=== Section Start ===

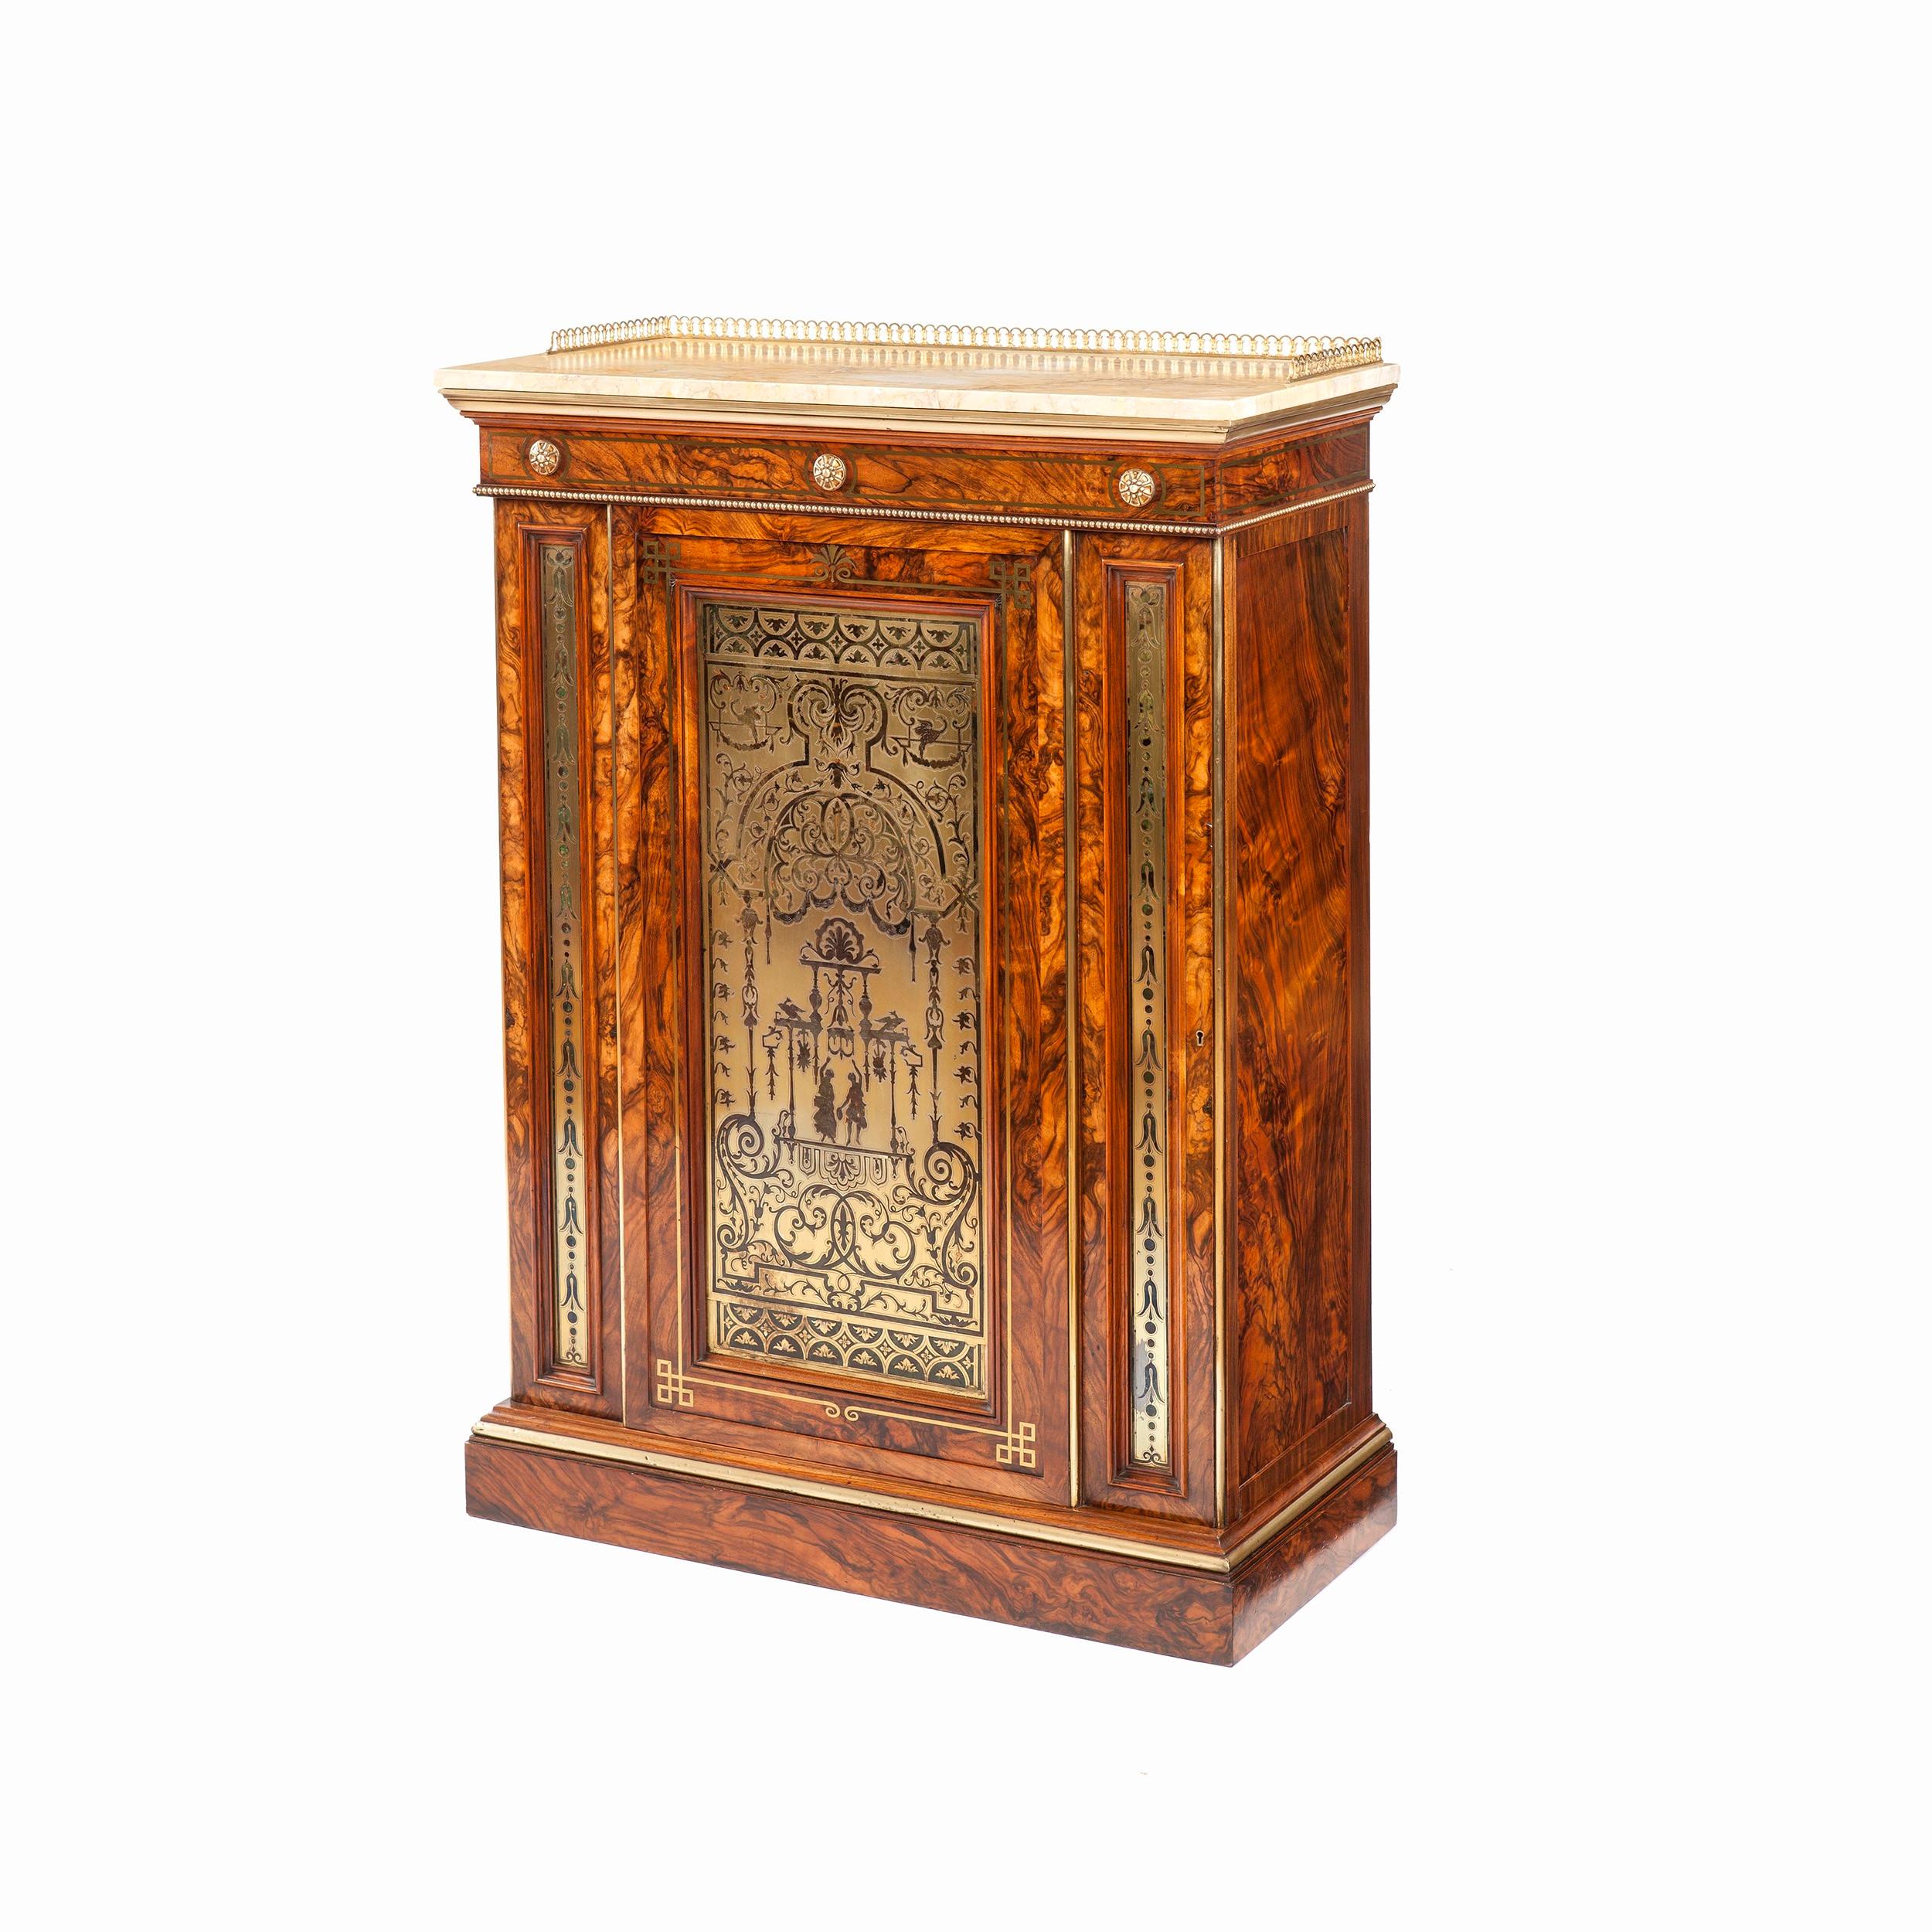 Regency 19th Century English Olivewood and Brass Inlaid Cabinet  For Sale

=== Section End ===
=== Section Start ===

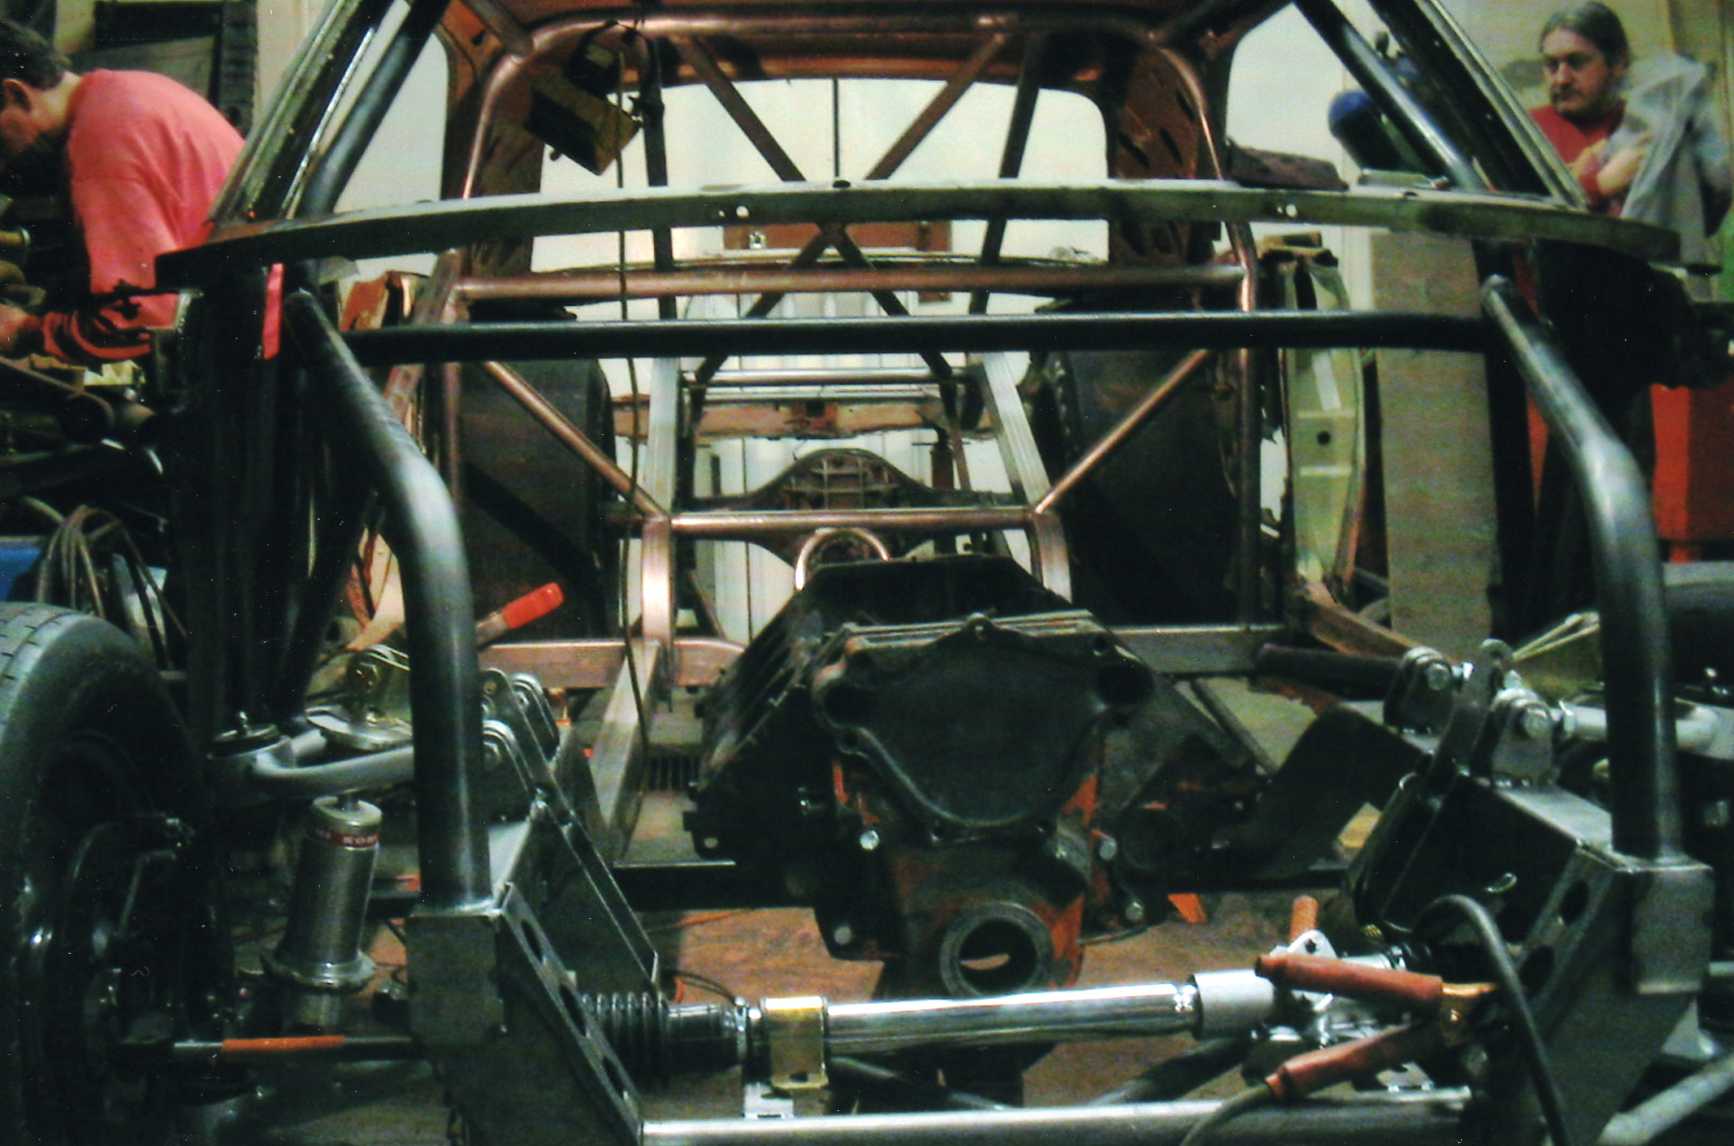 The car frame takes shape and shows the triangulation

=== Section End ===
=== Section Start ===

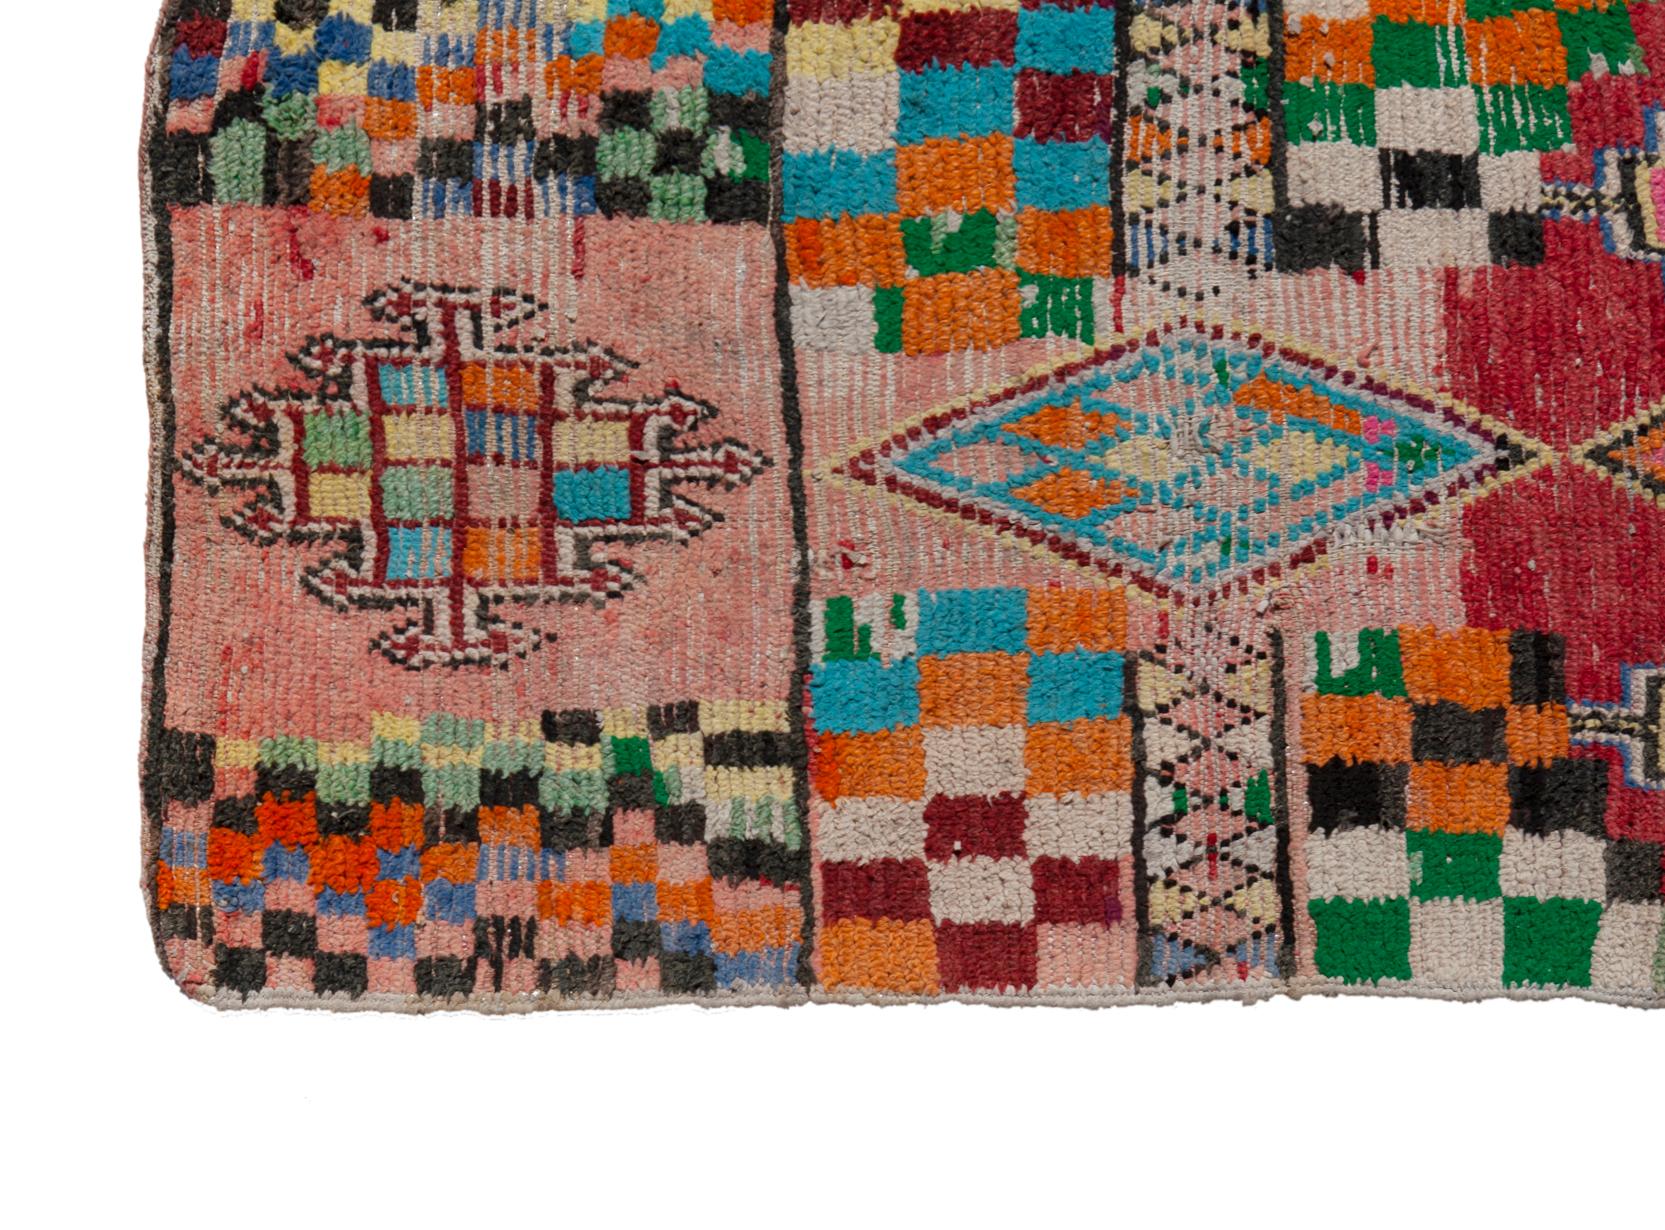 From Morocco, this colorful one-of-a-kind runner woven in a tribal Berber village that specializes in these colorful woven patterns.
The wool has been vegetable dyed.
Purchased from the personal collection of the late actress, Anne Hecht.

=== Section End ===

**Task description:** Above are some entries. Restate word for word the lines from the one holding "From Morocco, this" through the one holding "Purchased from the", but not the pictures.

**Exercise output:**
 From Morocco, this colorful one-of-a-kind runner woven in a tribal Berber village that specializes in these colorful woven patterns.
The wool has been vegetable dyed.
Purchased from the personal collection of the late actress, Anne Hecht.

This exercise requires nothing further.